WORK INSTRUCTION
When you repeat the material, keep each line exact and omit the pictures.

DATA SHOWN
▬▬▬

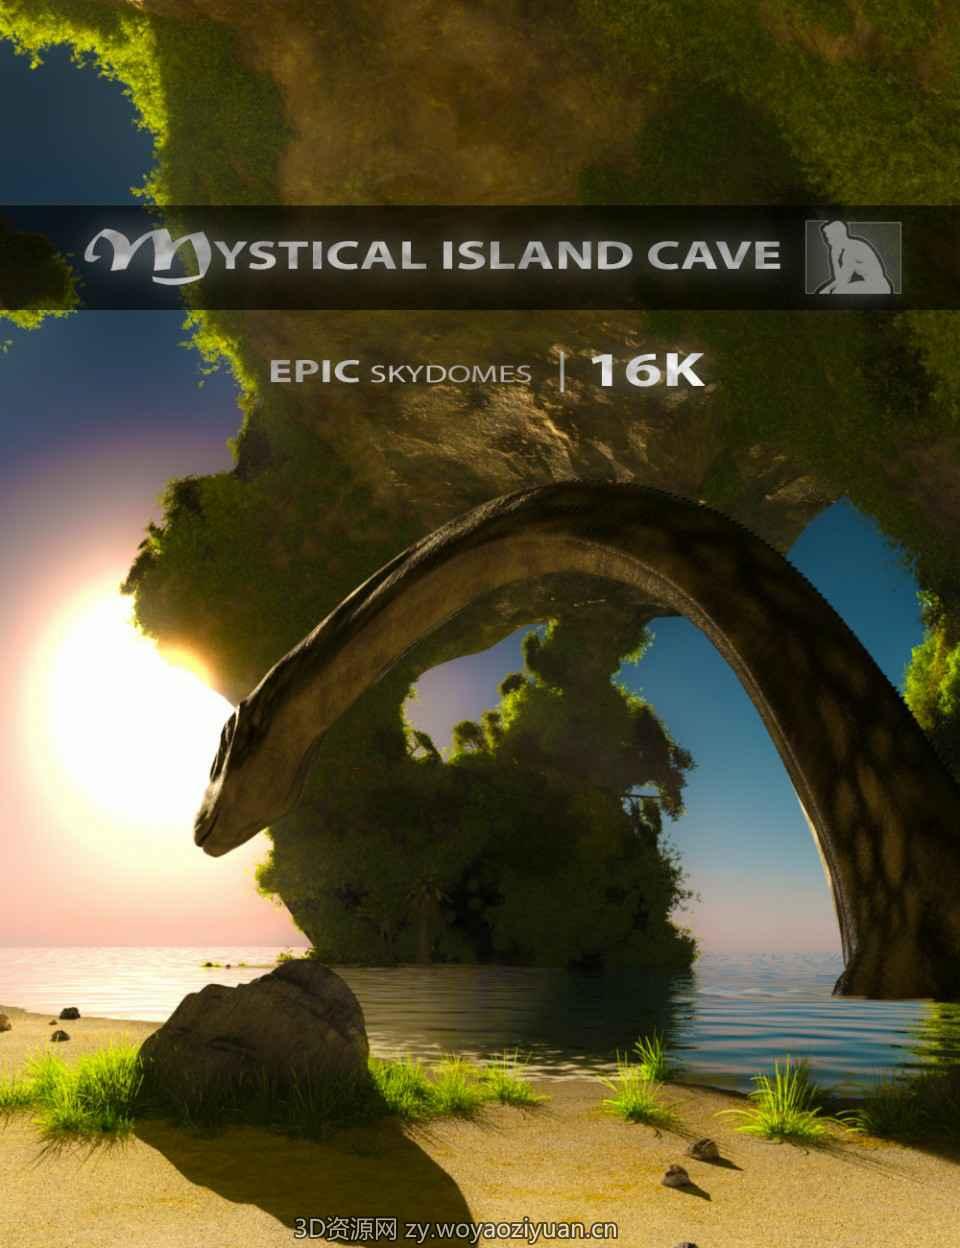 Epic Skydomes Mystical Island Cave 16K HDRI
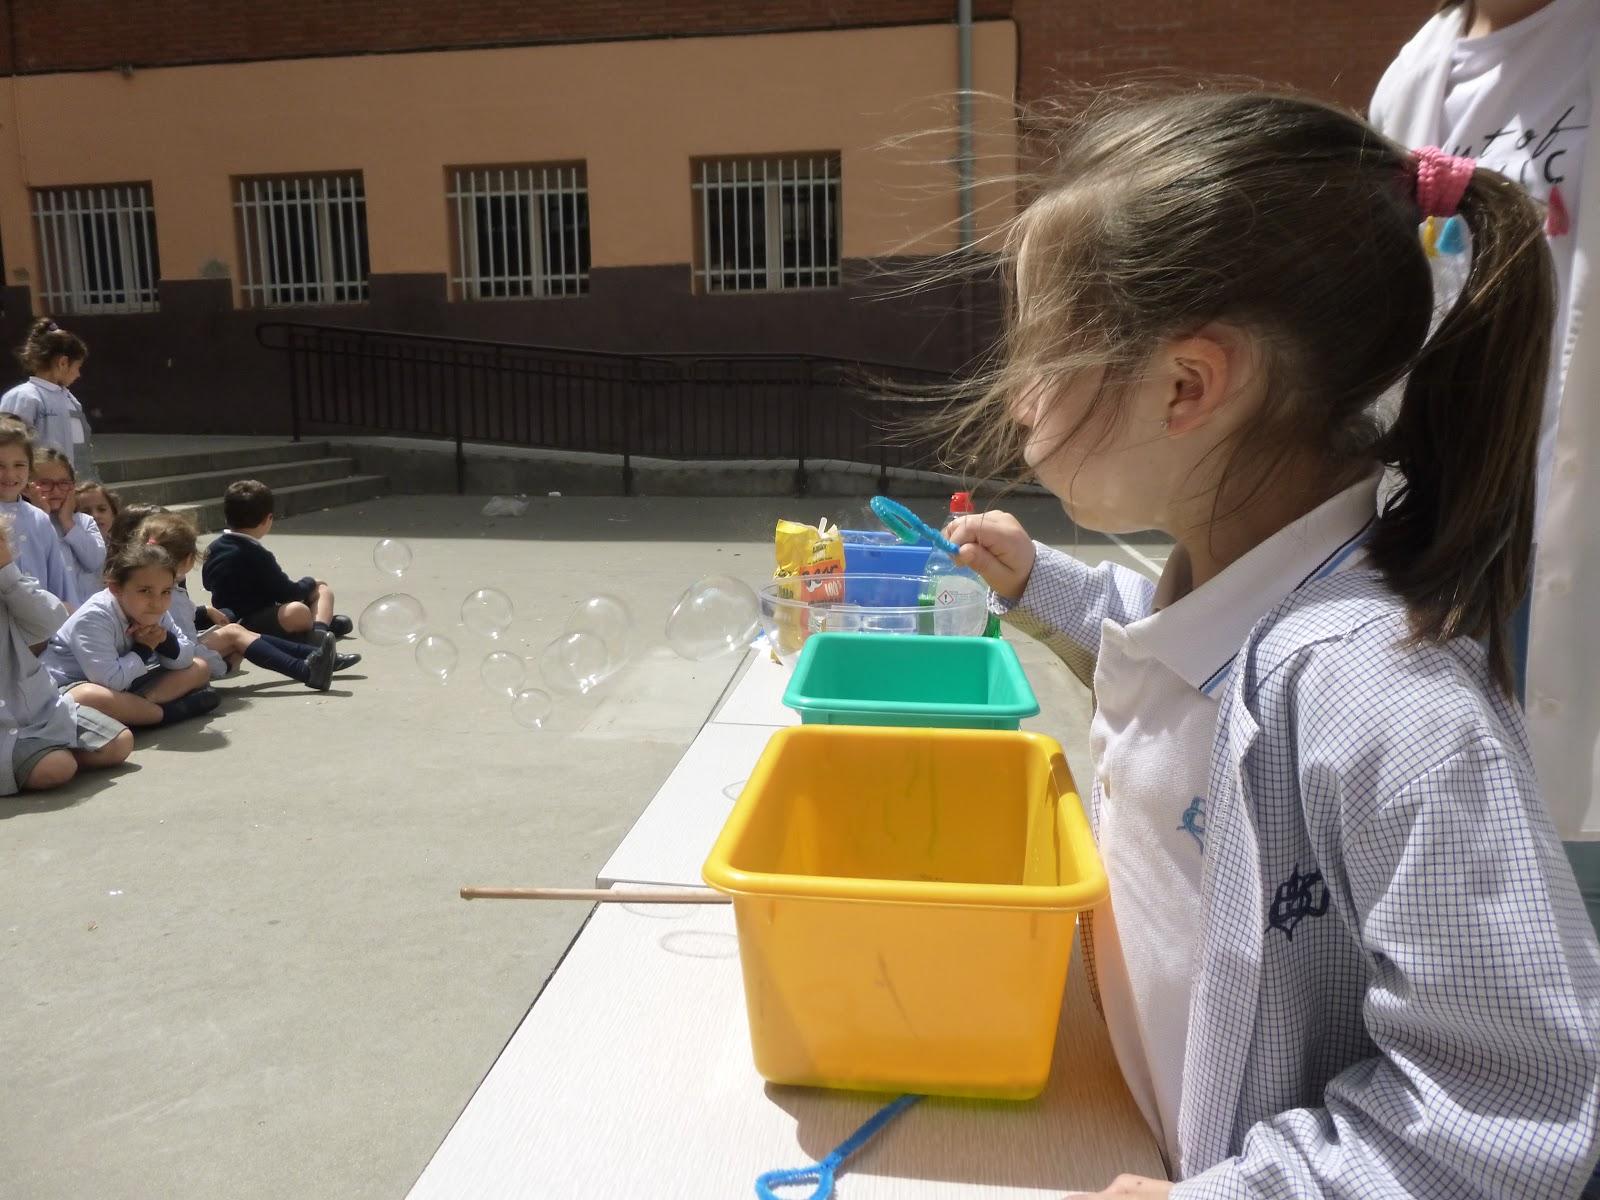 Agustinas Valladolid - 2017 - Infantil 5 - Experimento
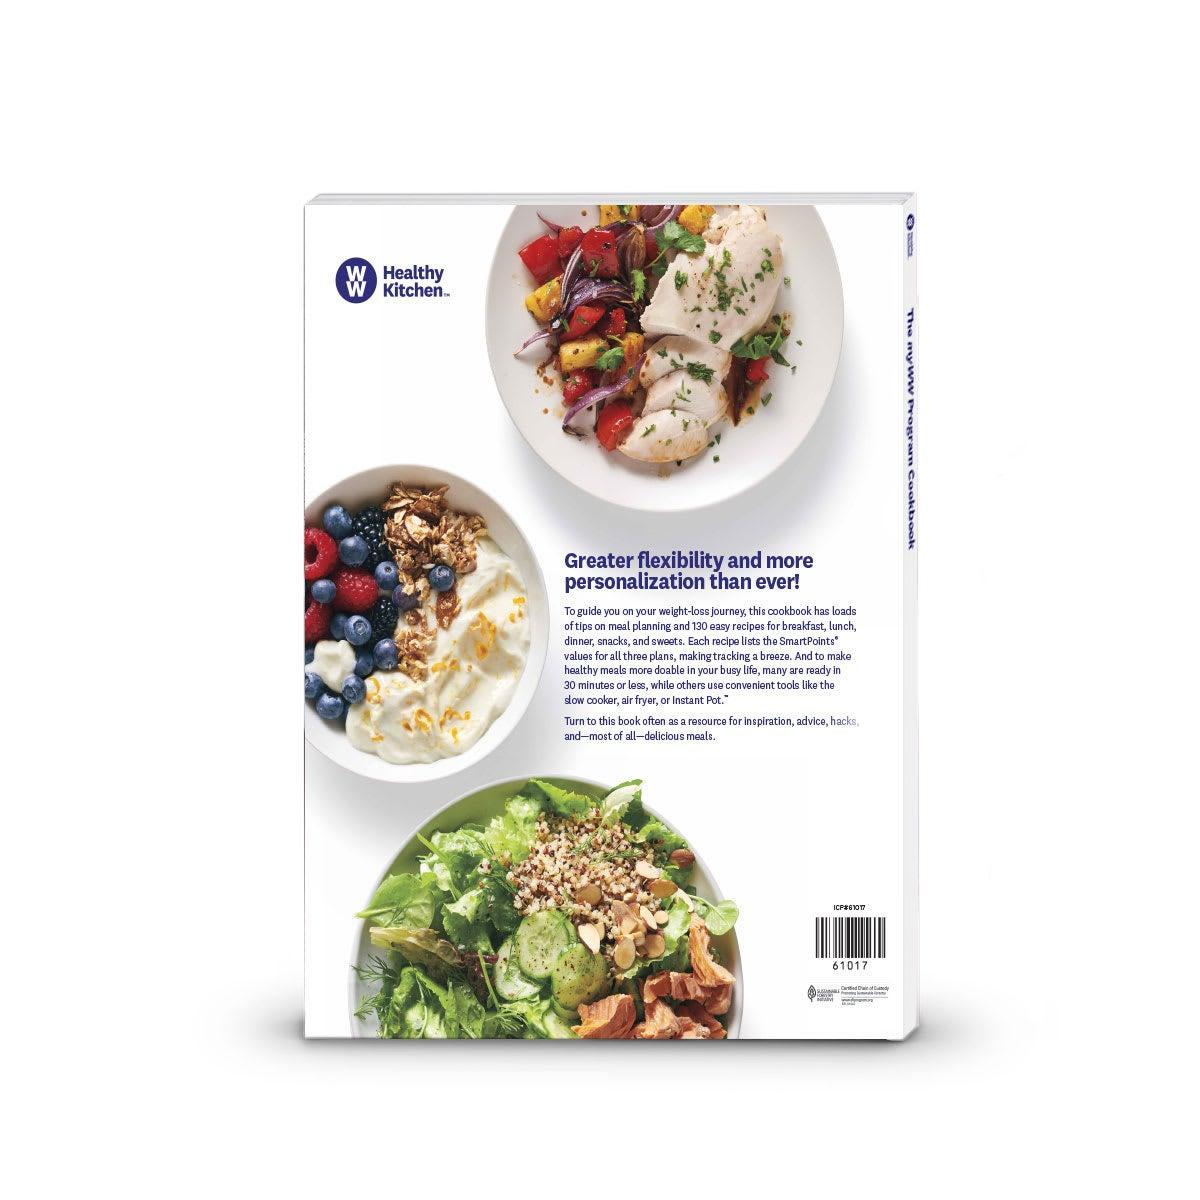 The myWW Program Cookbook - alternate view

▬▬▬

ANSWER TO THE EXERCISE
 Epic Skydomes Mystical Island Cave 16K HDRI
 Agustinas Valladolid - 2017 - Infantil 5 - Experimento
 The myWW Program Cookbook - alternate view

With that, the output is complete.